Your goal »
Print the data below again in full, exactly as it stands, with no images.

Stored data »
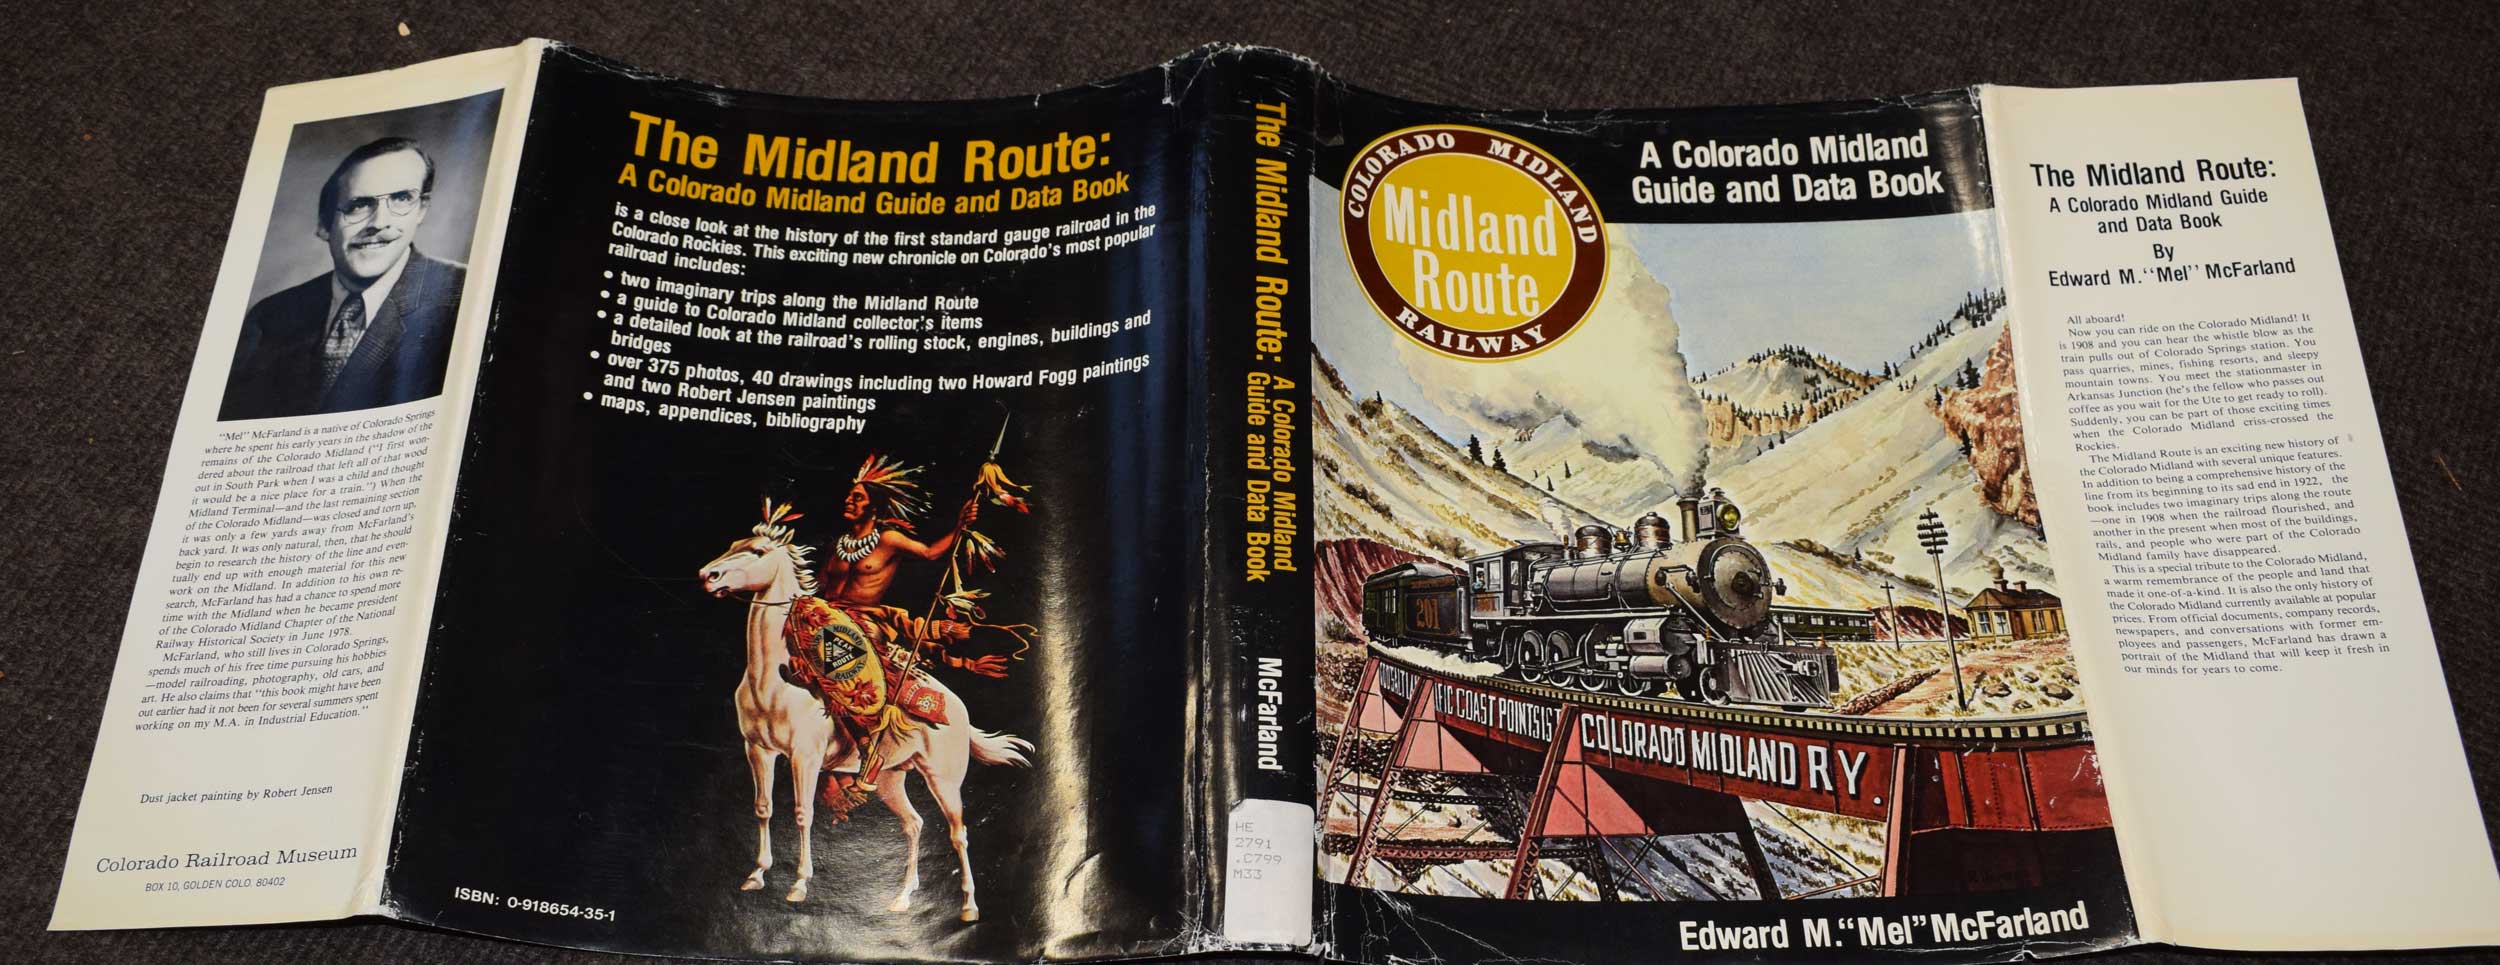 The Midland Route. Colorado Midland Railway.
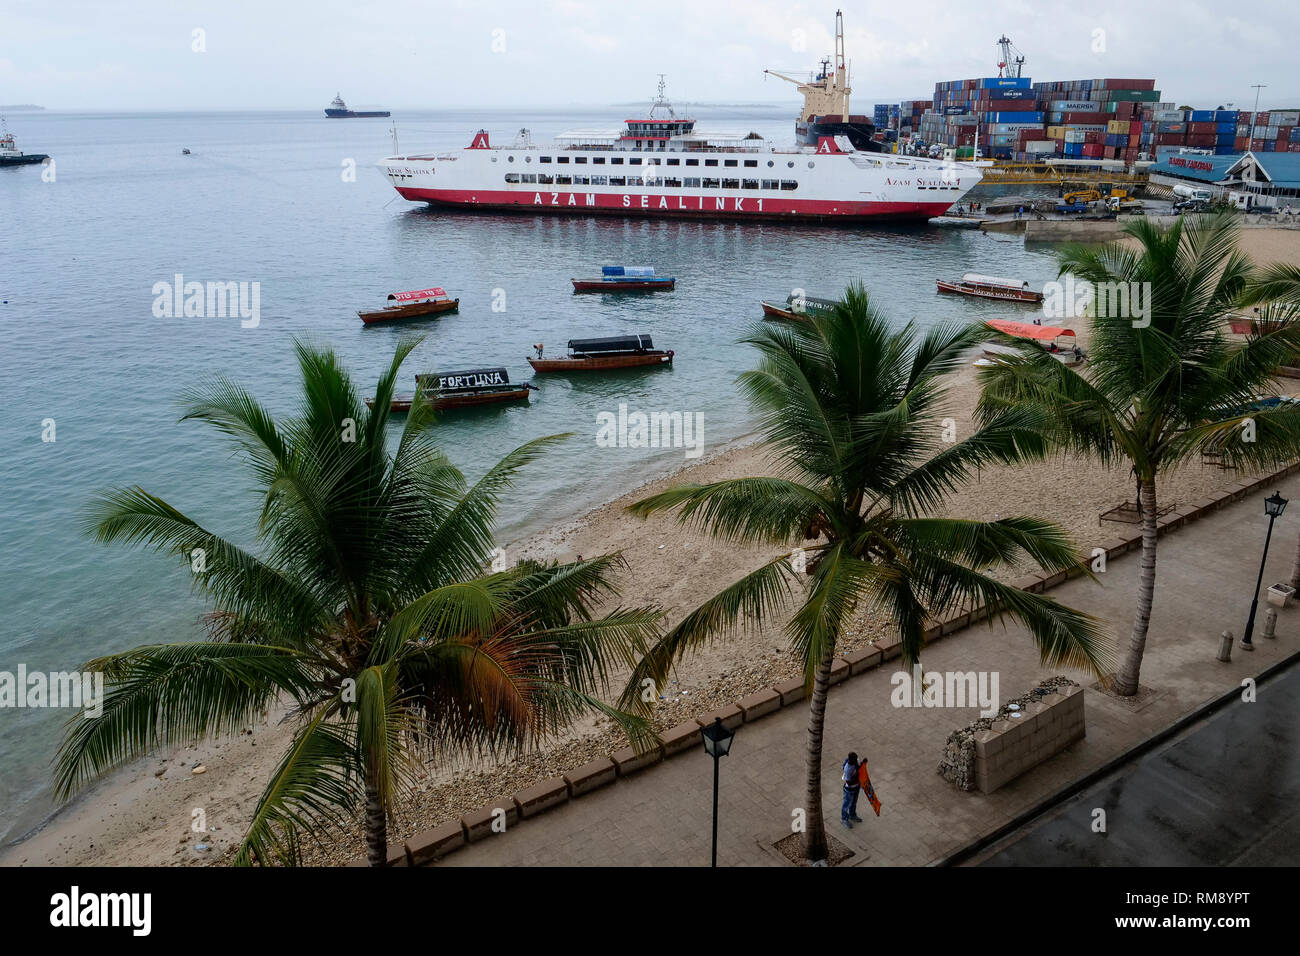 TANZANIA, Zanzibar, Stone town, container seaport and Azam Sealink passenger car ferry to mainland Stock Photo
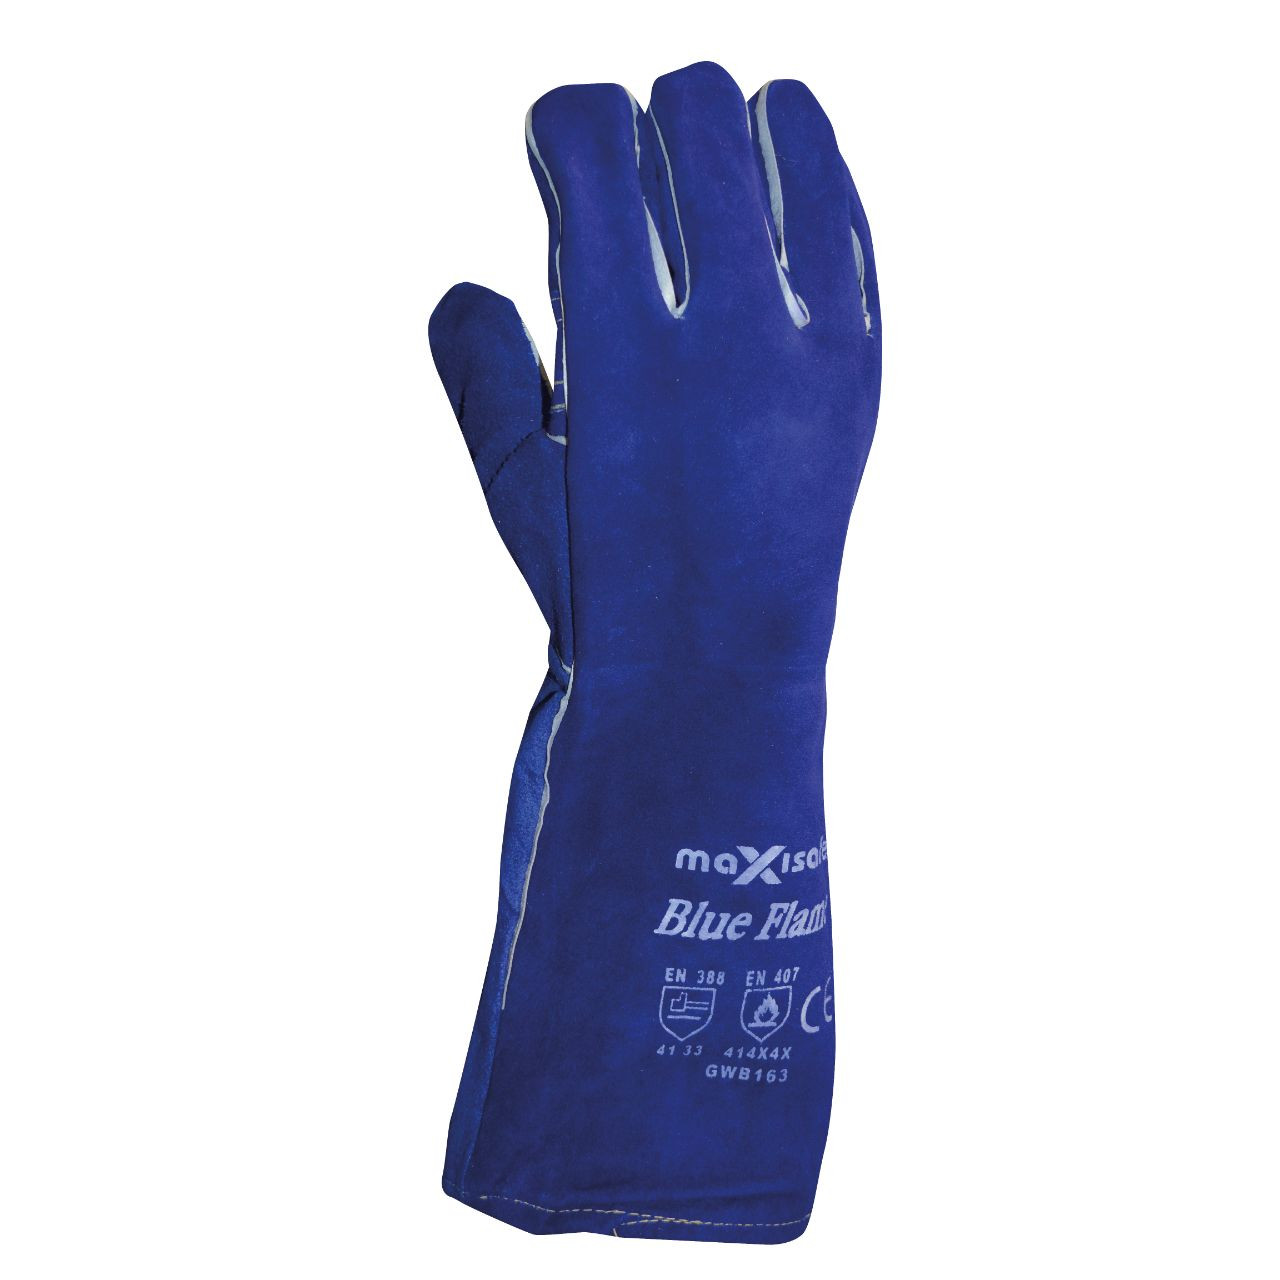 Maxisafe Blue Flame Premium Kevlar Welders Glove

Response for this exercise »
 The Midland Route. Colorado Midland Railway.
 TANZANIA, Zanzibar, Stone town, container seaport and Azam Sealink passenger car ferry to mainland Stock Photo
 Maxisafe Blue Flame Premium Kevlar Welders Glove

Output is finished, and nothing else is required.